In later years Egbert exhibited many of the traits known of Charlemagne
in the way the shires and courts were organized, the way battles were
fought, the education for his children, his lifestyle, to name a few.
The influence of
the Frankish court
on the dynasty of Egbert’s house is clear enough. An intelligent
observer, and
Egbert was intelligent, could not have lived thirteen years in the
center of
knowledge and ambition without learning many skills.
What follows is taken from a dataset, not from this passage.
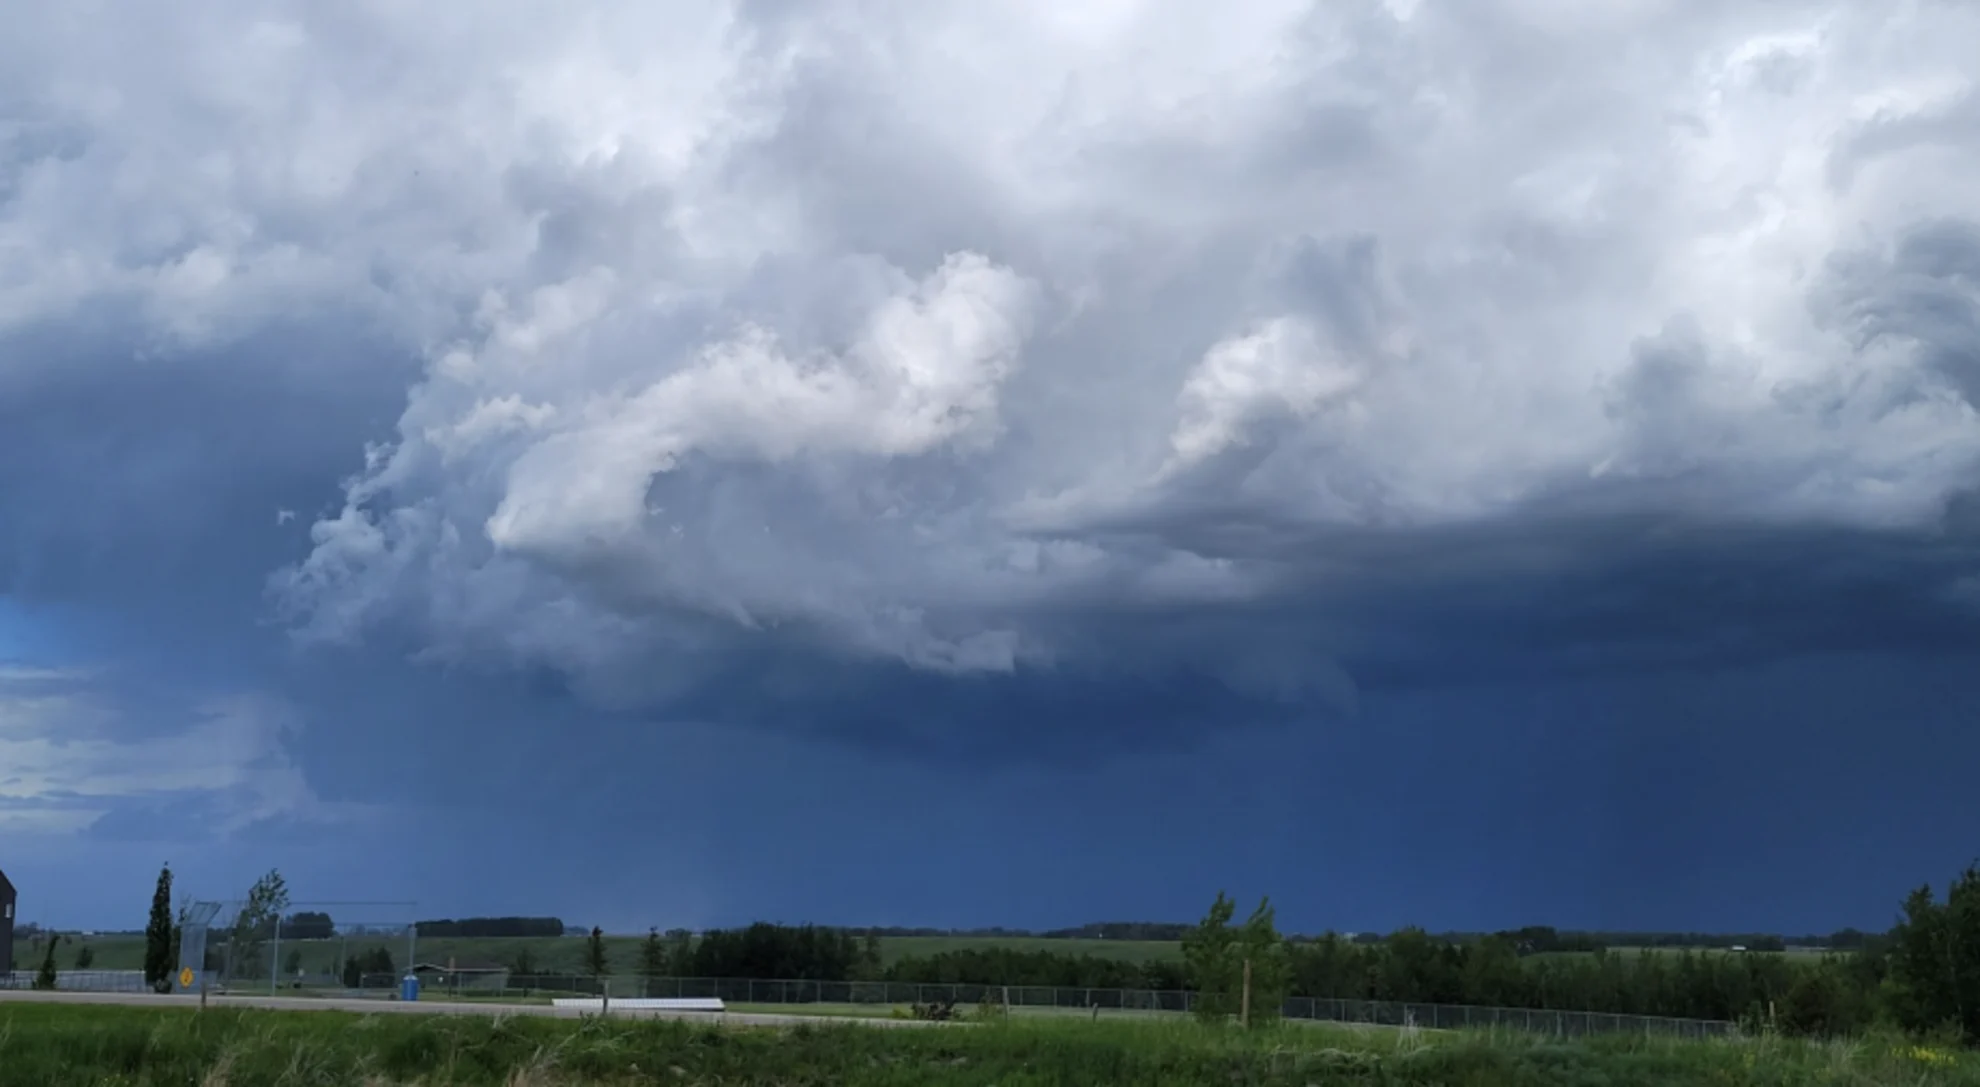 A severe thunderstorm threat covers parts of Saskatchewan this week, with the risk for damaging winds, and hail. Timing, here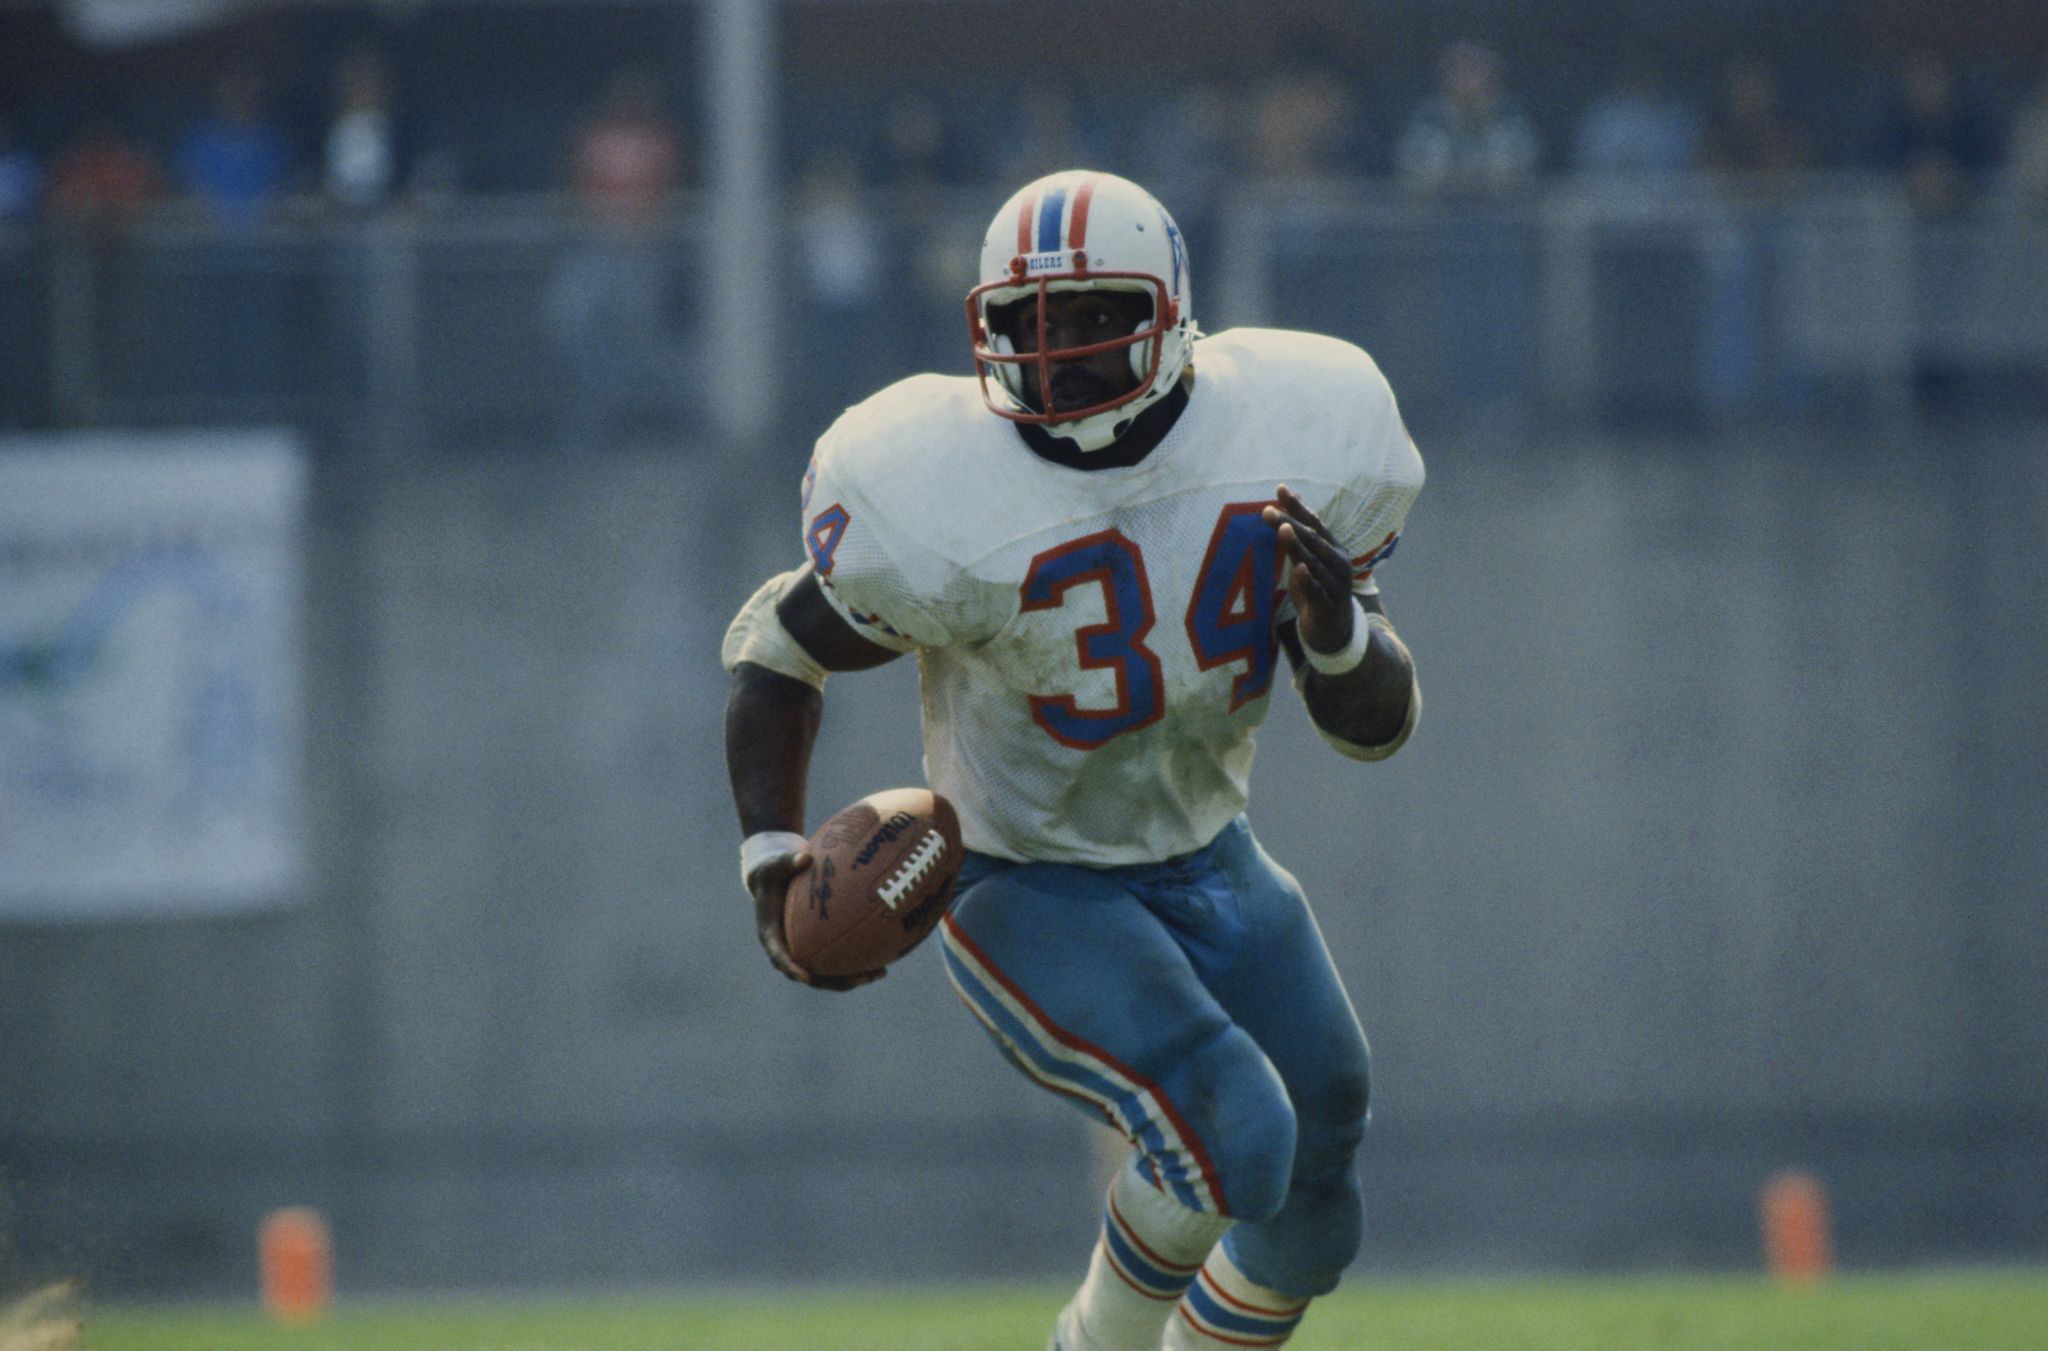 EARL CAMPBELL HOUSTON OILERS 1978 - 1983

Through all that
he did
during his reign there was a consistent purpose of political
consolidation.
Charlemagne showed the advantages of a large political state ruled with
strictness and diplomacy, over a group of small independent warlords.
The
advantages were in wealth, in dignity, and in the intelligence,
learning, and the
social stability they helped to create. There were many ways in which
the
Frankish influence manifested itself in England.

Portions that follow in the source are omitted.